Марина пришла в себя. Она посмотрела на Белоненко и снова перевела благодарный взгляд на Левицкую.
— Я ничего им не скажу. Я понимаю — нельзя. Но мне бы очень хотелось сказать Маше. Она будет так рада.
— Дело в том, Воронова, — помедлив, произнес Белоненко, — дело в том, что с Добрыниной у нас получилась заминка. Управление отказало в ее расконвоировании. А у нас в колонии все заключенные, которых я возьму с собой, должны ходить без конвоя — там же совершенно другой режим. Но вы не огорчайтесь: помощницу вашу я все-таки заберу к себе. Может быть, не так уж скоро, но заберу. А теперь… одну минуточку, Галина Владимировна, я должен дать Вороновой небольшое оперативное задание. Нам тут нужно кое-что выяснить. Так вот, вы будете действовать так…
Бригада встретила Марину молчанием. Все отложили работу. Маша пошла ей навстречу.
— Ну что?
— Да ничего особенного.
Марина старалась говорить спокойно, но спокойствие это давалось ей нелегко. Прежде чем идти в цех, она минут пятнадцать ходила по жилой зоне, заглянула в контору, в библиотеку, — с тем чтобы успокоиться и обдумать, как держать себя дальше.
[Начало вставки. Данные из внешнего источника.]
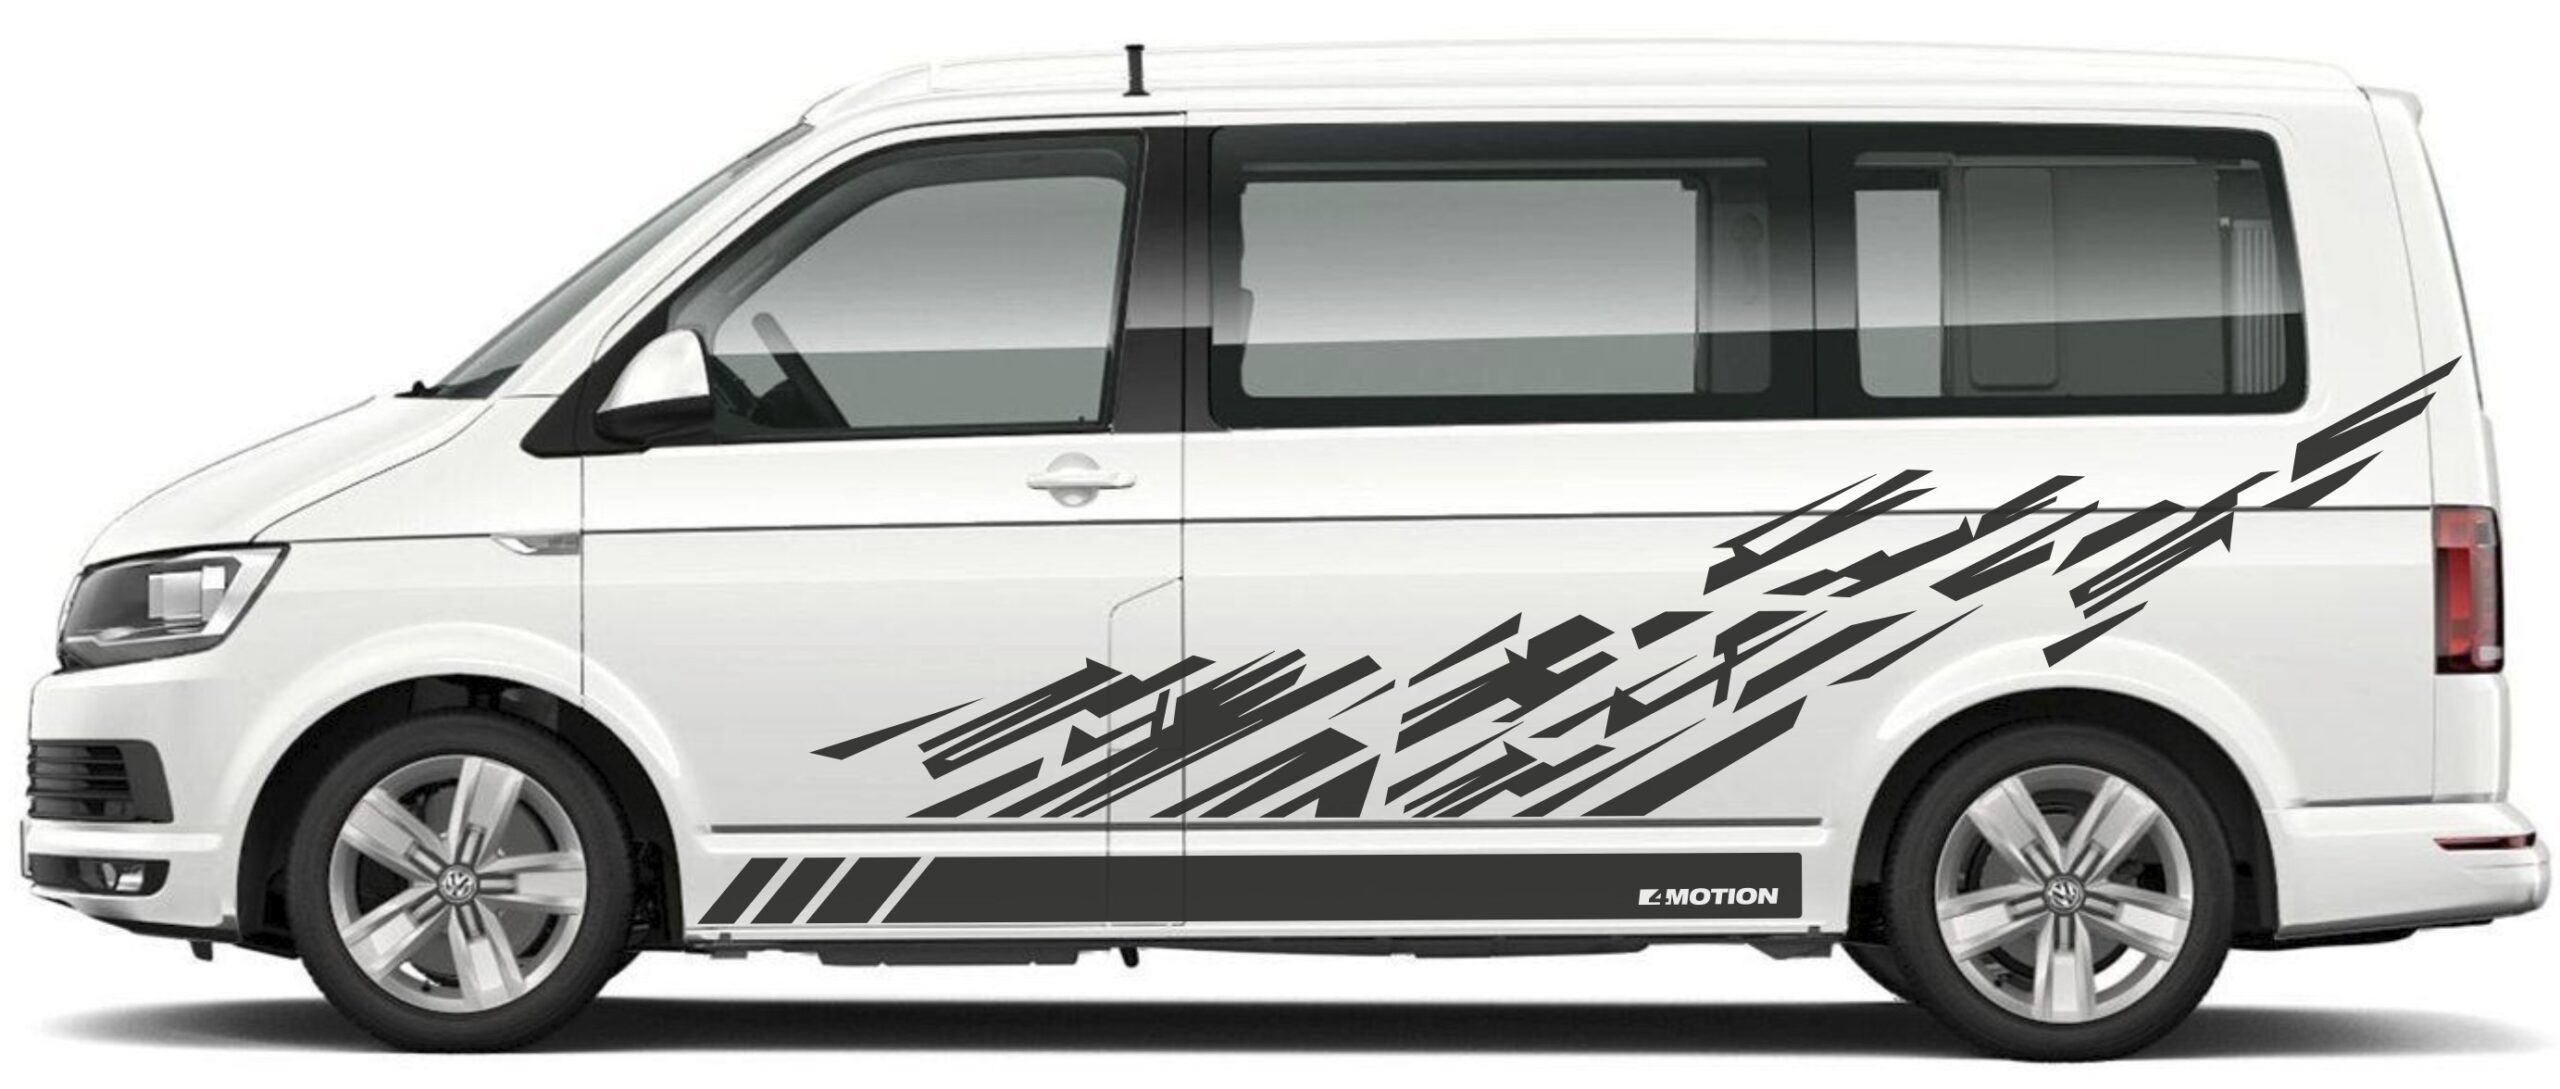 VW Transporter T6_TUNING_4 MOTION naklejki decals stripes sticker aufkleber nalepky samolepky tuning
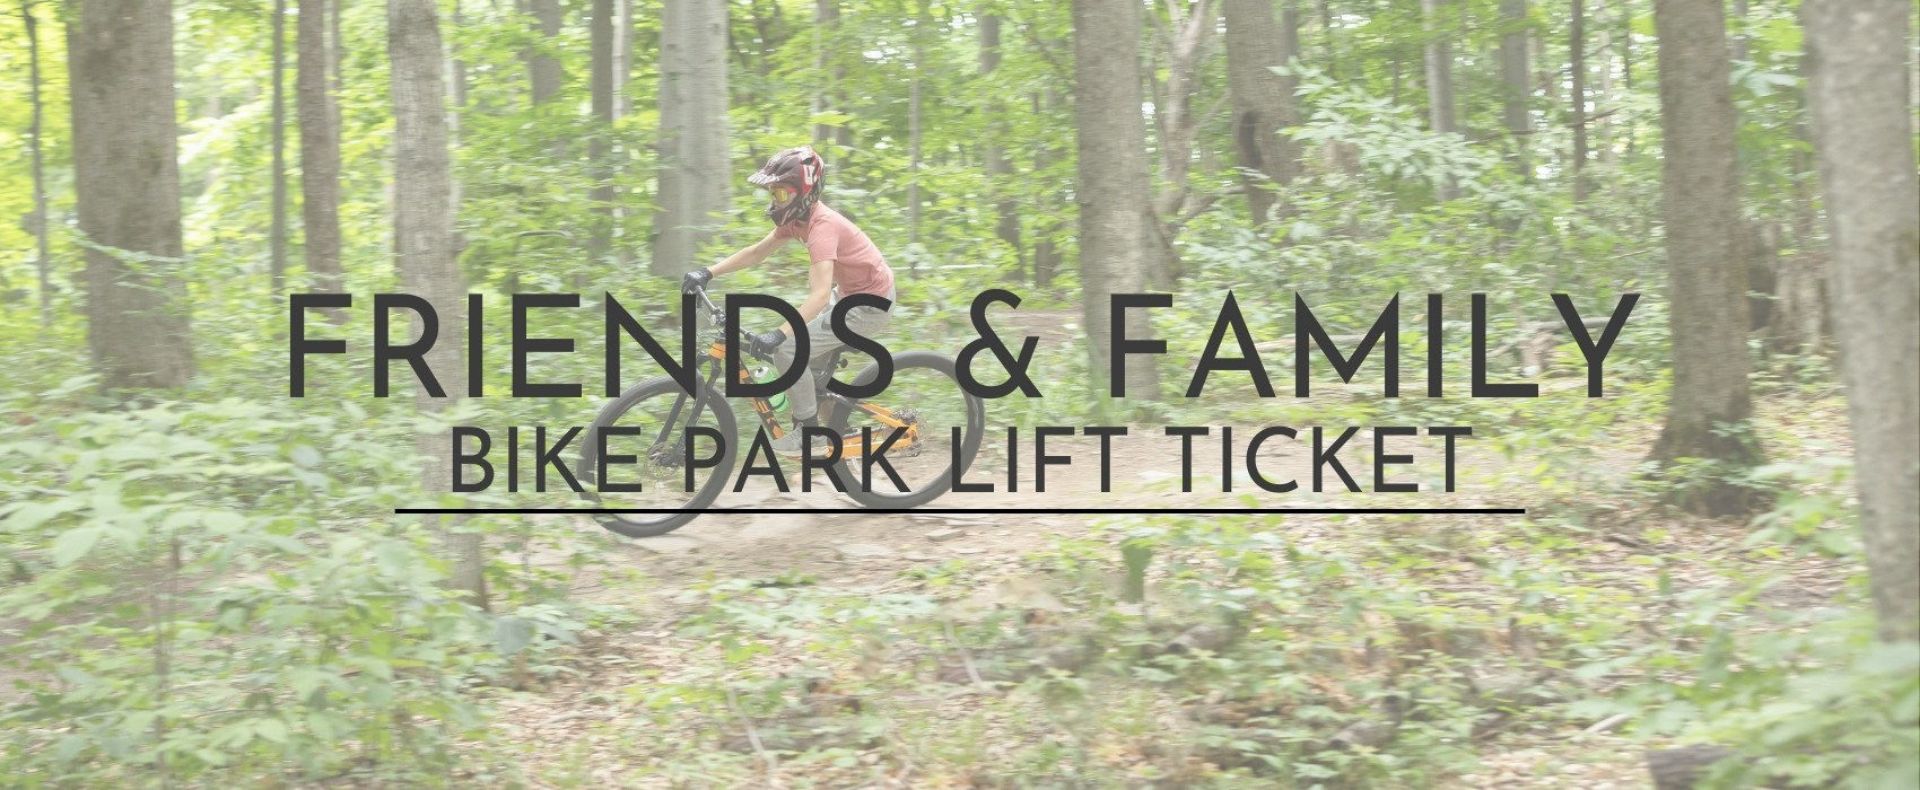 The Highlands Bike Park Friends & Family Lift Tickets

— Ничего особенного. Вызывали всех бригадиров. Начальник прочитал нам записку, которую нашли в сапожной. Глебова отправляют вовсе не потому, что об этом требовали в записке, — Глебов давно был на замечании у коменданта. А Леша Медведев получил трое суток за игру в карты.
— Ну, а про сапожку? — нетерпеливо крикнула Мышка. — Что он про сапожку говорил?
— Что говорил… Вещи нашли. Они уже лежат в мастерской.
И тут произошло все именно так, как предполагал Белоненко.
Сначала воцарилось гробовое молчание. Потом загремели табуретки: девчонки вскочили. Лида Векша крикнула:
— Где нашли? Враки это! — казалось, она готова была заплакать от обиды.
Клава стучала кулаками по столу и кричала:
— Брешут, брешут, брешут!
Нина Рыбакова, подскочив к Марине, теребила ее:
— Ты скажи, ты скажи — где нашли? Где?
А Соня Синельникова, совершенно, видимо, позыбыв о конспирации, набросилась на Клаву Мышку:
— Я говорила вам, разини, что нельзя все в одном месте прятать!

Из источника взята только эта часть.